1967 Icelandic Cup

Tournament details
- Country: Iceland

Final positions
- Champions: KR
- Runners-up: Víkingur

= 1967 Icelandic Cup =

The 1967 Icelandic Cup was the eighth edition of the National Football Cup.

It took place between 29 July 1967 and 21 October 1967, with the final played at Melavöllur in Reykjavík. The cup was important, as winners qualified for the UEFA Cup Winners' Cup (if a club won both the league and the cup, the defeated finalists would take their place in the Cup Winners' Cup). Teams from the Úrvalsdeild karla (1st division) did not enter until the quarter finals. In prior rounds, teams from the 2. Deild (2nd division), as well as reserve teams, played in one-legged matches. In case of a draw, lots were drawn. From the semi-finals, after a replay, lots were drawn.

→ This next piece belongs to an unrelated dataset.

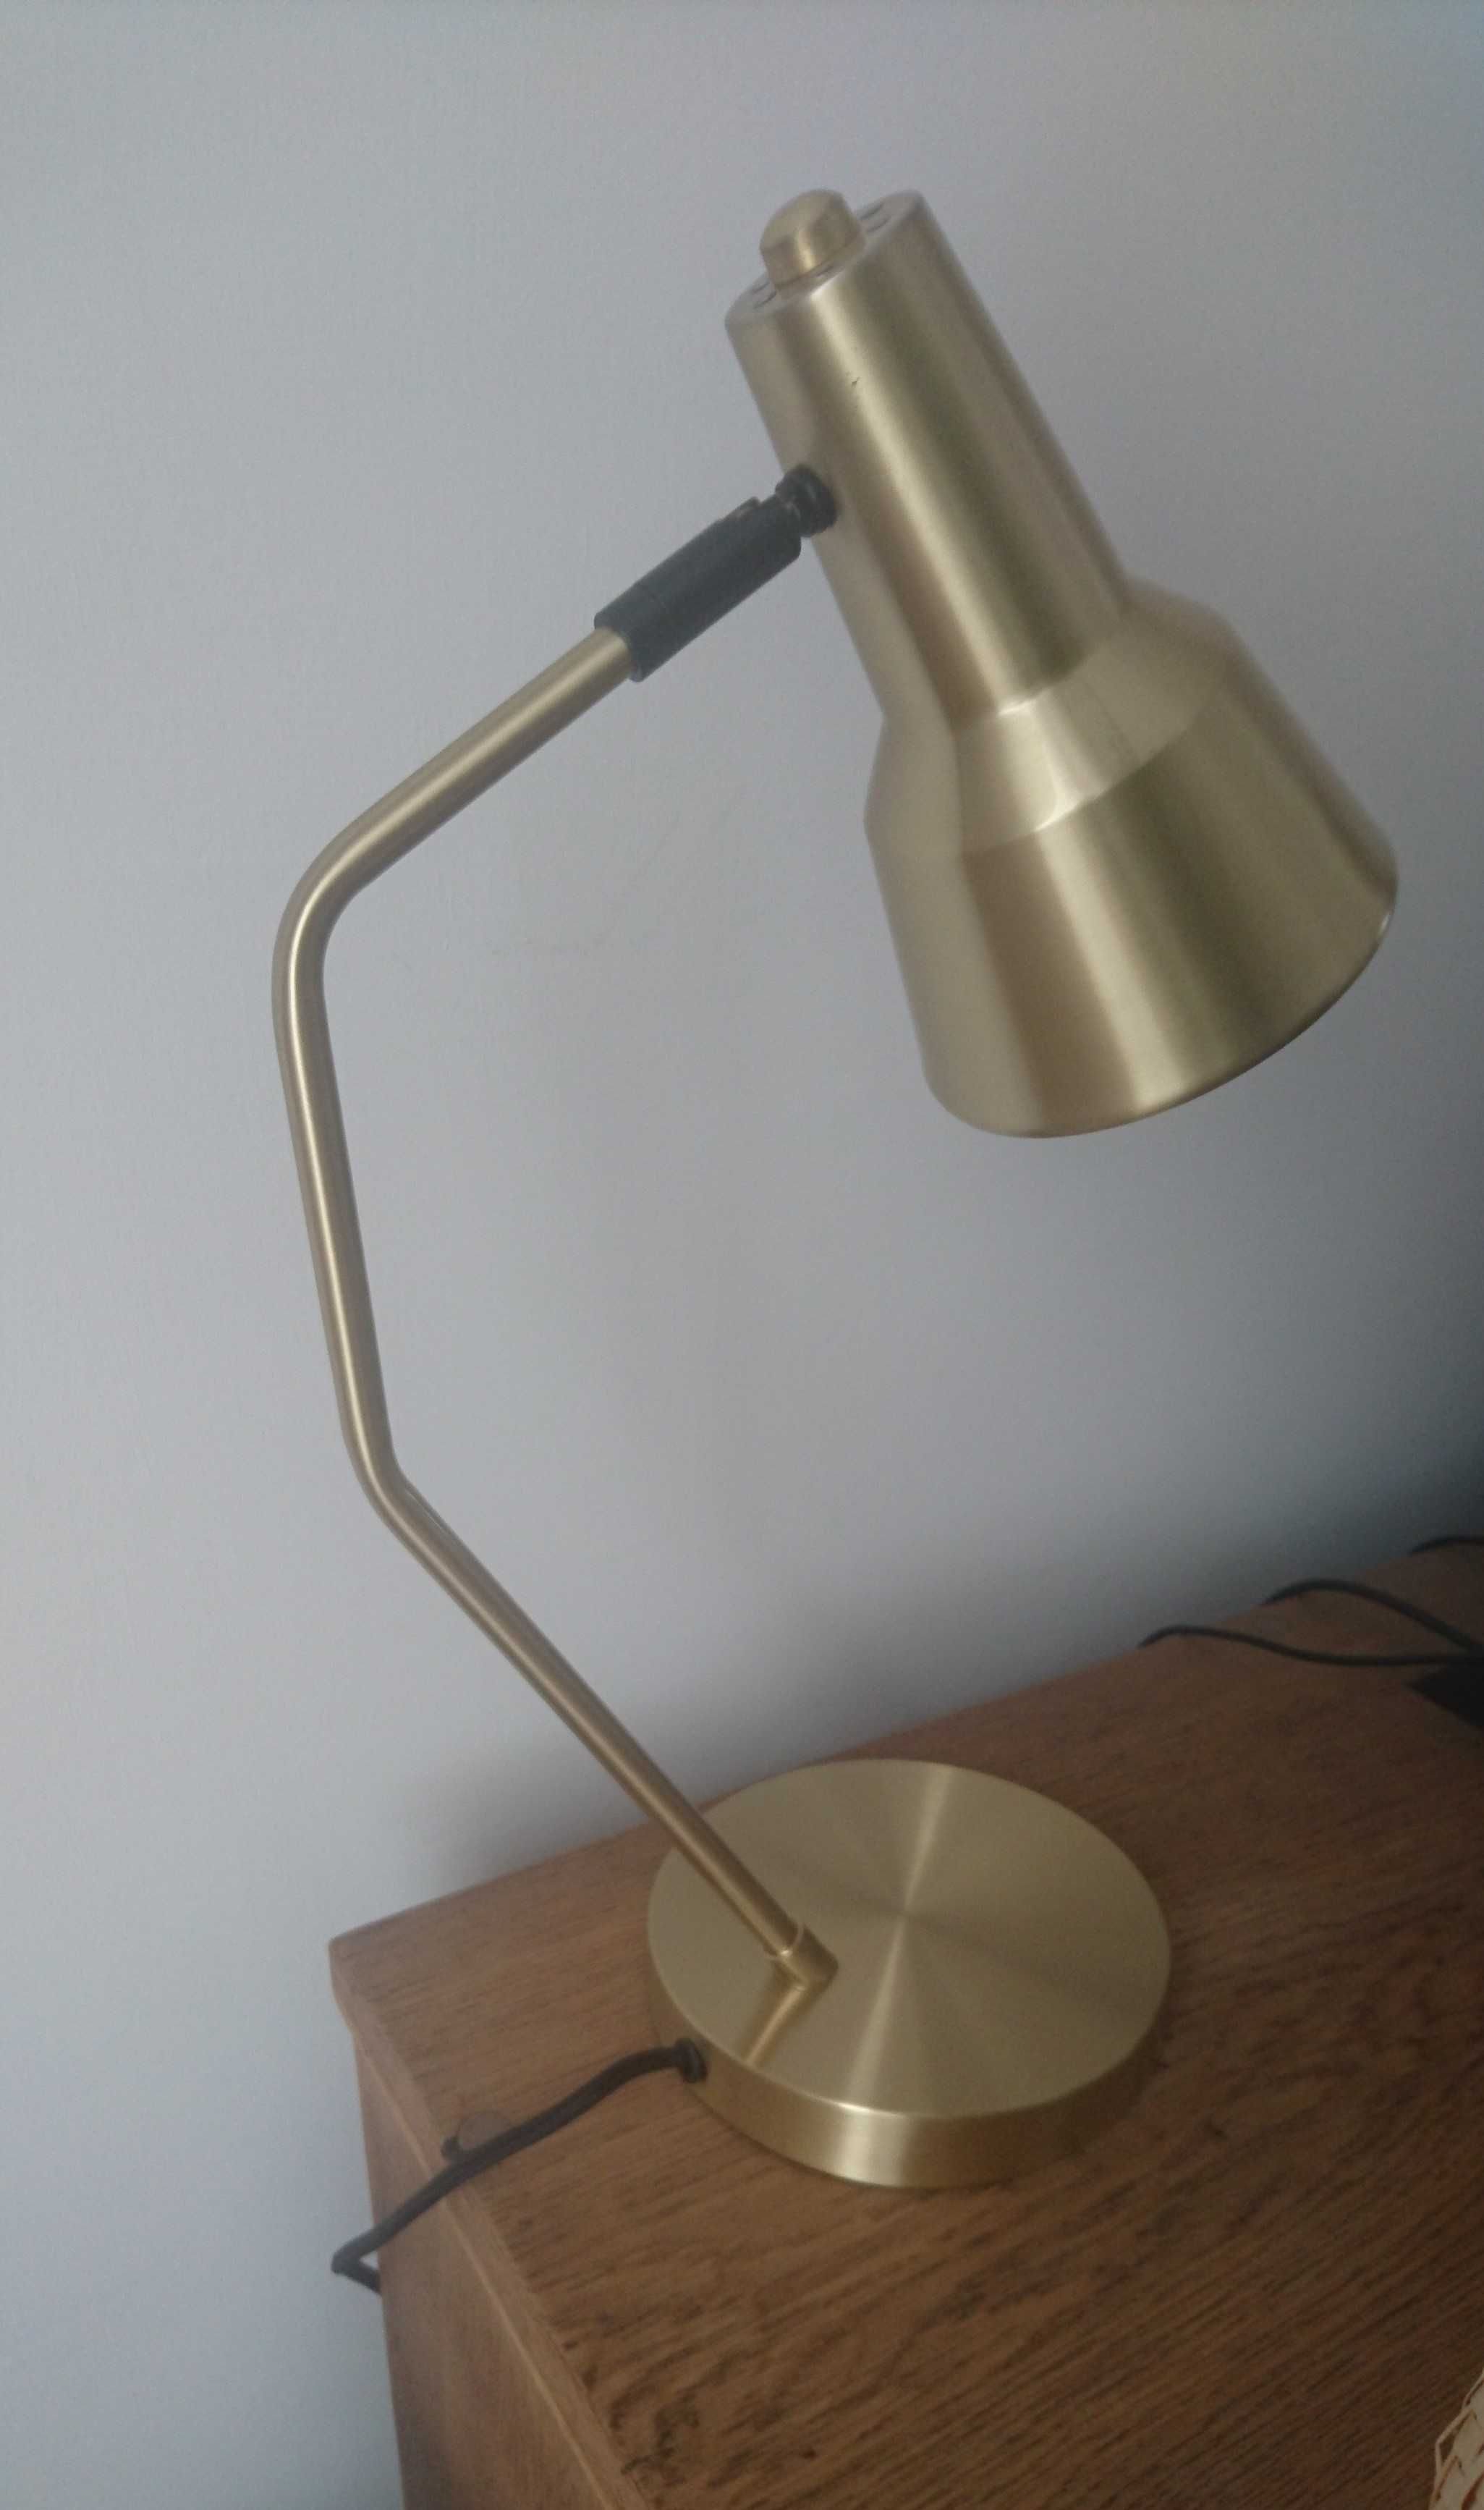 Nowa złota lampa biurkowa Valencia - OKAZJA!

KR Reykjavík won their 7th Cup in 8 seasons, beating 2. Deild Víkingur Reykjavík, 3 - 0 in the final.

== Preliminary round ==

| Team 1 | Team 2 | Result |
|---|---|---|
| Týr Vestmannaeyjar | þor Vestmannaeyjar | 6 - 1 |

== First round ==

| Team 1 | Team 2 | Result |
|---|---|---|
| ÍA Akranes B | ÍBK Keflavík B | 3 - 2 |
| Víkingur Reykjavík B | UMF Selfoss | 0 - 1 |
| FH Hafnarfjörður | þrottur Reykjavík B | 6 - 1 |
| Víkingur Reykjavík | Breiðablik Kopavogur | 3 - 2 |
| þrottur Reykjavík | Fram Reykjavík B | 3 - 2 |
| Haukar Hafnarfjörður | Valur Reykjavík B | 3 - 2 |
| KR Reykjavík B | ÍBA Akureyri B | 3 - 2 |
| ÍB Isafjörður | Týr Vestmannaeyjar | 5 - 6 |

== Second round ==

| Team 1 | Team 2 | Result |
|---|---|---|
| UMF Selfoss | KR Reykjavík B | 1 - 3 |
| Týr Vestmannaeyjar | FH Hafnarfjörður B | 6 - 6 (Týr Vestmannaeyjar progress after drawing lots) |
| Víkingur Reykjavík | Haukar Hafnarfjörður | 3 - 2 |
| þrottur Reykjavík | IA Akranes B | 2 - 3 |

== Third round ==

| Team 1 | Team 2 | Result |
|---|---|---|
| KR Reykjavík B | Víkingur Reykjavík | 5 - 5 (Víkingur Reykjavík won after drawing lots) |
| IA Akranes B | Týr Vestmannaeyjar | 1 - 0 |

== Quarter finals ==
- Entrance of 6 clubs from 1. Deild

| Team 1 | Team 2 | Result |
|---|---|---|
| IA Akranes B | Víkingur Reykjavík | 2 - 3 |
| ÍBA Akureyri (D1) | Fram Reykjavík (D1) | 6 - 6 (Fram Reykjavík progress after drawing lots) |
| KR Reykjavík (D1) | ÍBK Keflavík (D1) | 2 - 1 |
| Valur Reykjavík (D1) | ÍA Akranes (D1) | 0 - 1 |

== Semi finals ==

| Team 1 | Team 2 | Result |
|---|---|---|
| Víkingur Reykjavík (D2) | IA Akranes | 2 - 1 |
| KR Reykjavík | Fram Reykjavík | 1 - 0 (Replayed after 3–3 draw) |

== Final ==

KR Reykjavík 3-0 Víkingur Reykjavík (D2)
  KR Reykjavík: Schram, Sigmunðsson, Felixson

- KR Reykjavík won their seventh Icelandic Cup and qualified for the 1968–69 European Cup Winners' Cup.